The USDS invites the best minds across the tech space to carry out a (voluntary) course of service to consult on major issues and projects affecting the country. They strive to apply insights from digital commerce to government process in order to disrupt, innovate and improve.

The need for the USDS initiative was highlighted by failings in the previous endeavours to modernise processes for government – immigration applications being a prime example:

It takes 6 months for an immigration application to be processed. The application itself is a paper document which will pass through 6 separate processing centres during the course of the application. The government were aware that bringing this online would significantly streamline the process, accordingly they briefed the project out – $1.2billion and 6 years later they still didn’t have anything to show for it.

The USDS assembled a 6 man team to look into the problem – 3 months down the line they launched a completely online green card replacement portal.

Another initiative carried out by this team was the development of the ‘college scorecard’ which serves to show the value of a college education by highlighting the comparative differences in earnings down the line.
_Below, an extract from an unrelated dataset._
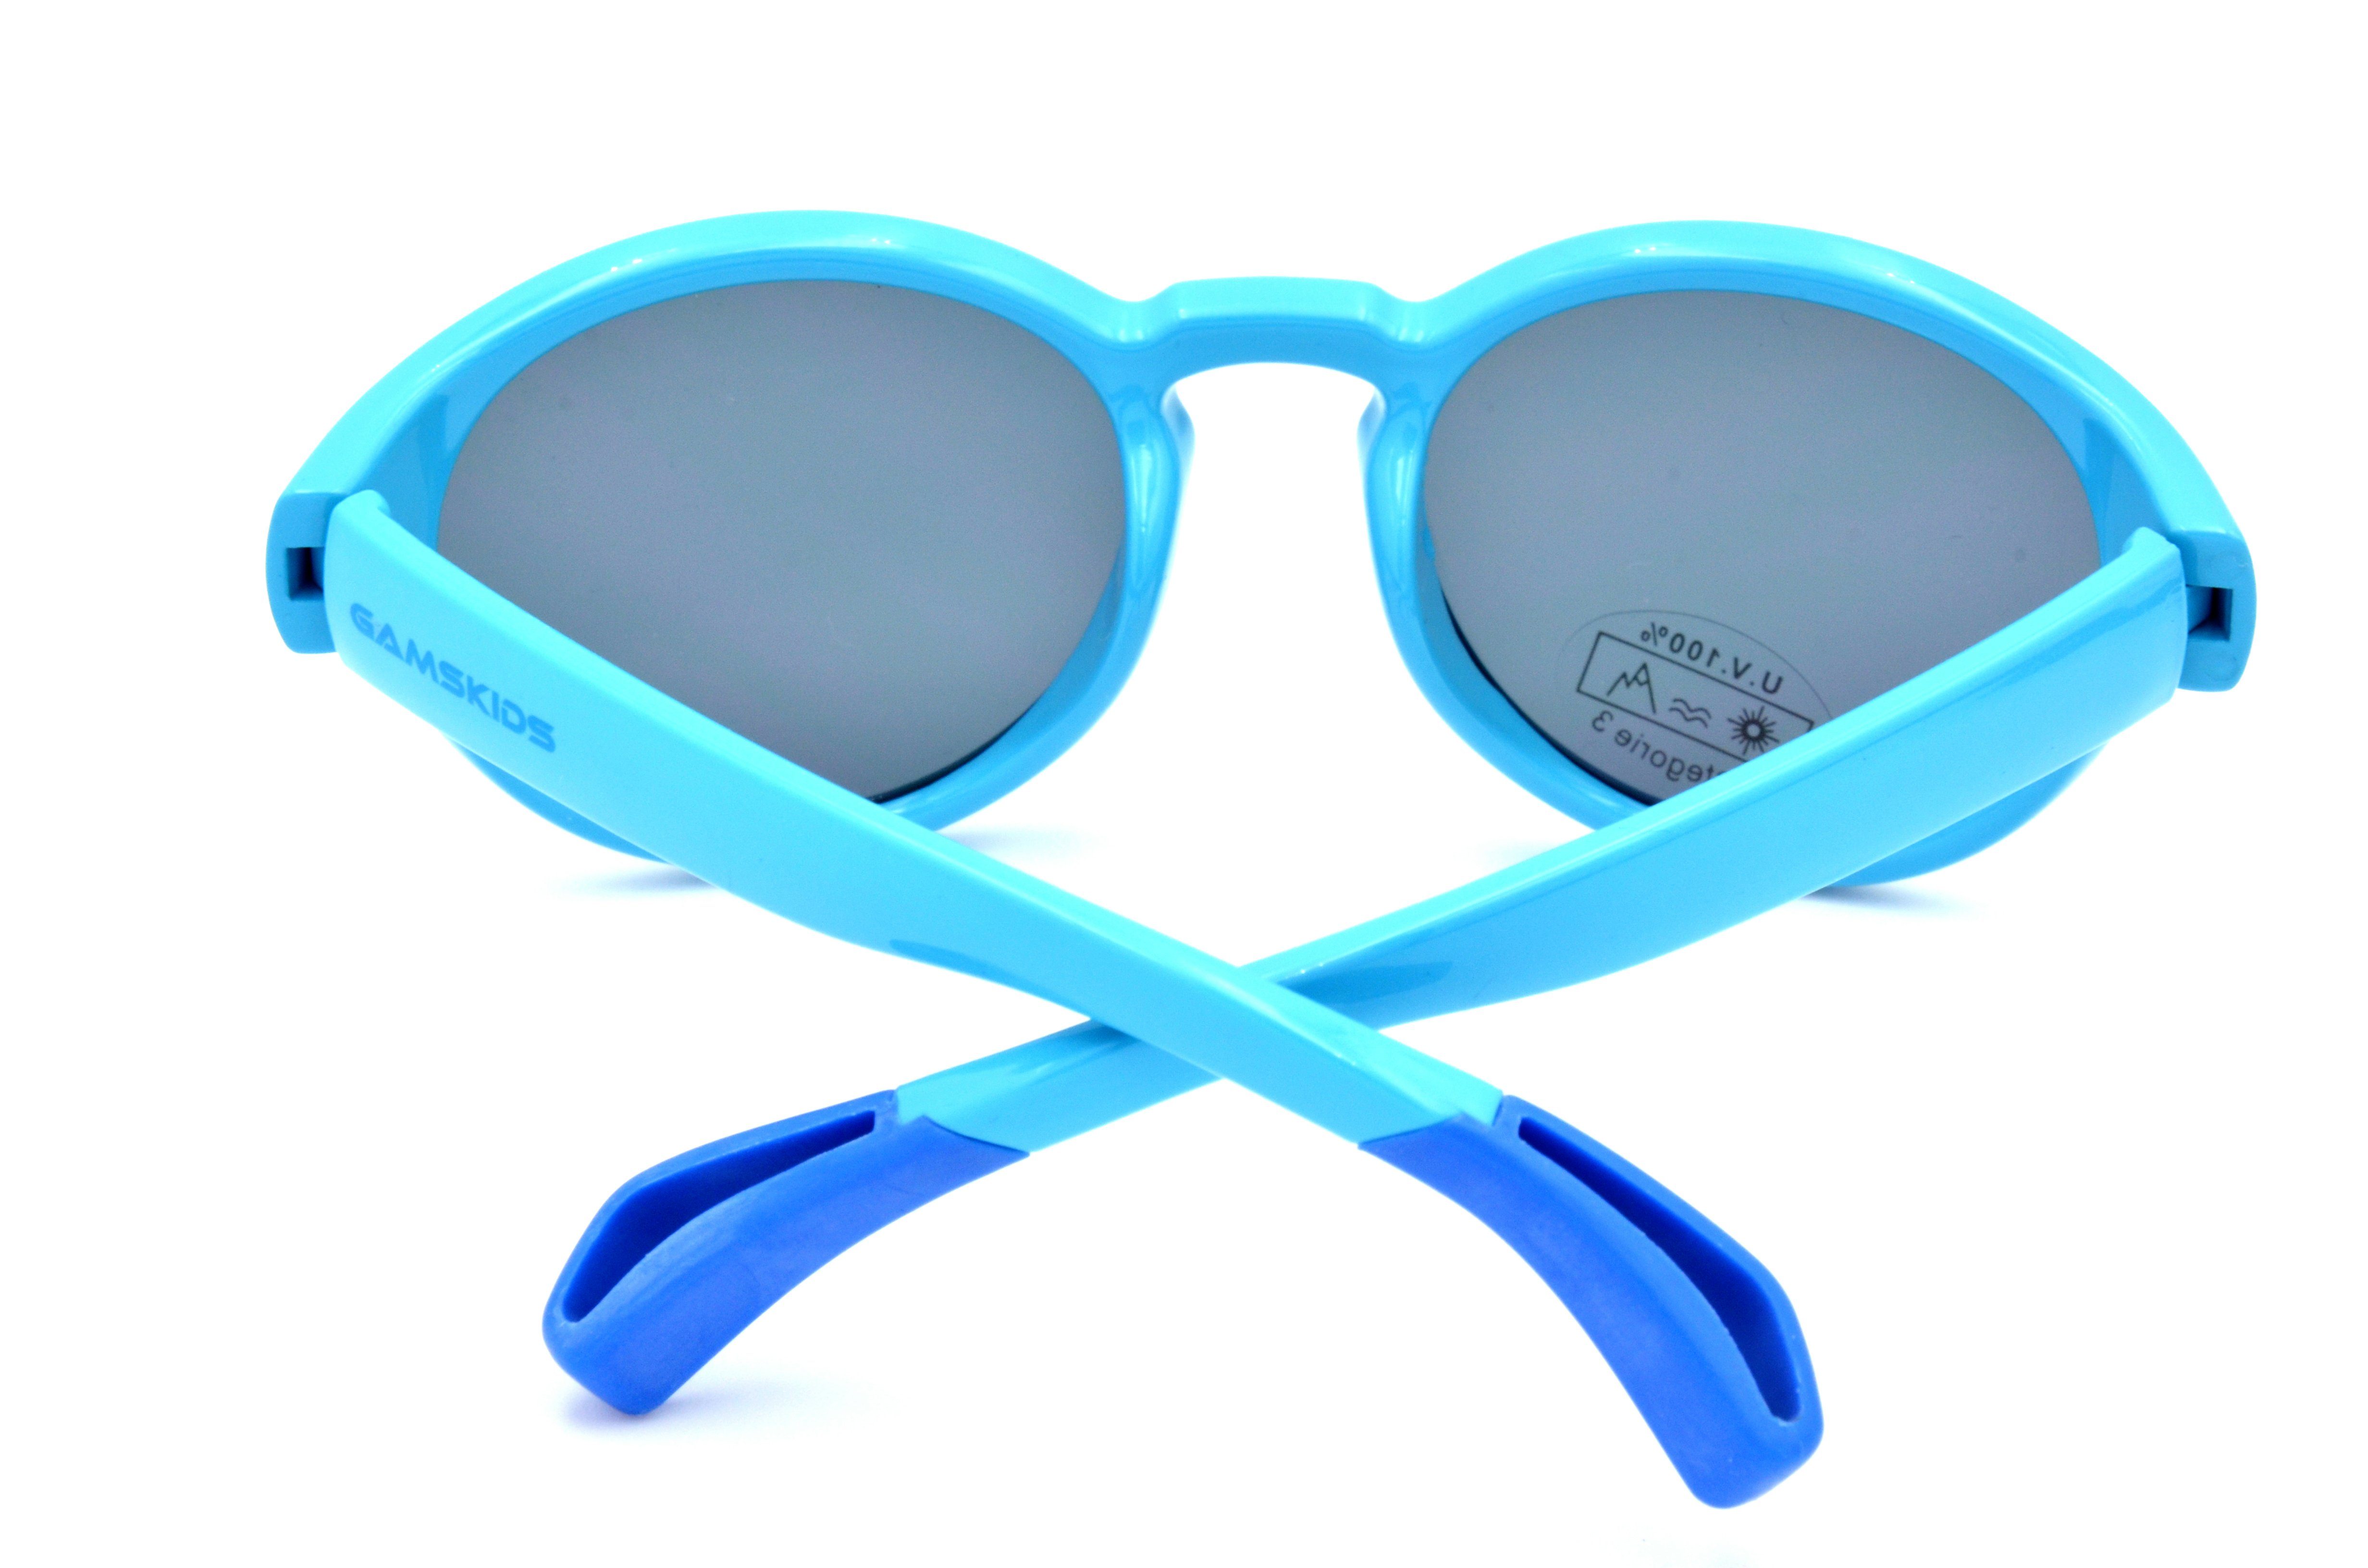 Gamswild Sonnenbrille WK5417 GAMSKIDS blau, Jungen Kleinkindbrille grün, lila Kinderbrille Jahre Unisex, 5-10 kids Mädchen

Over the course of 1 year the USDS has grown to 140 people – from one of the US government’s smallest offices to one of the biggest.

Clarence Wardell 

One of the projects the USDS were tasked with related to an initiative to build public confidence in the police within communities of colour – using technology.

To this end, they developed the Police Data Initiative which facilitates open sharing of the data behind policing (arrests etc). With support from data technologists, www.publicsafetydataportal.org  was launched to drive trust through transparency.


Aden Van Noppen 

In early March 2016 the USDS launched ‘The Opportunity Project’ www.opportunity.census.gov – which uses open data to show access to opportunity across the USA.

The project draws from 200,000 different data sets from data.gov and serves to inform people of education, housing and work opportunities in a specific area alongside other insight such as pollution stats.

Essentially the aim is to empower people to understand where they could move to in the country to access the opportunities most relevant for them whilst also flagging gaps in infrastructure and transit links for local leaders.

The platform will consistently evolve as it has been overlaid with ‘Streetwyze’ which facilitates collective feedback from residents which serves as a counterpart, sense-check and addition to the governmental data insight.

As part of this project, the USDS built 12 tools in 6 weeks – and have now brought onboard 30 companies to support in the development of an ever expanding toolkit.

All with the ultimate aim of ‘unleashing the power of open data to make sure that a zipcode doesn’t define someone’s destiny’.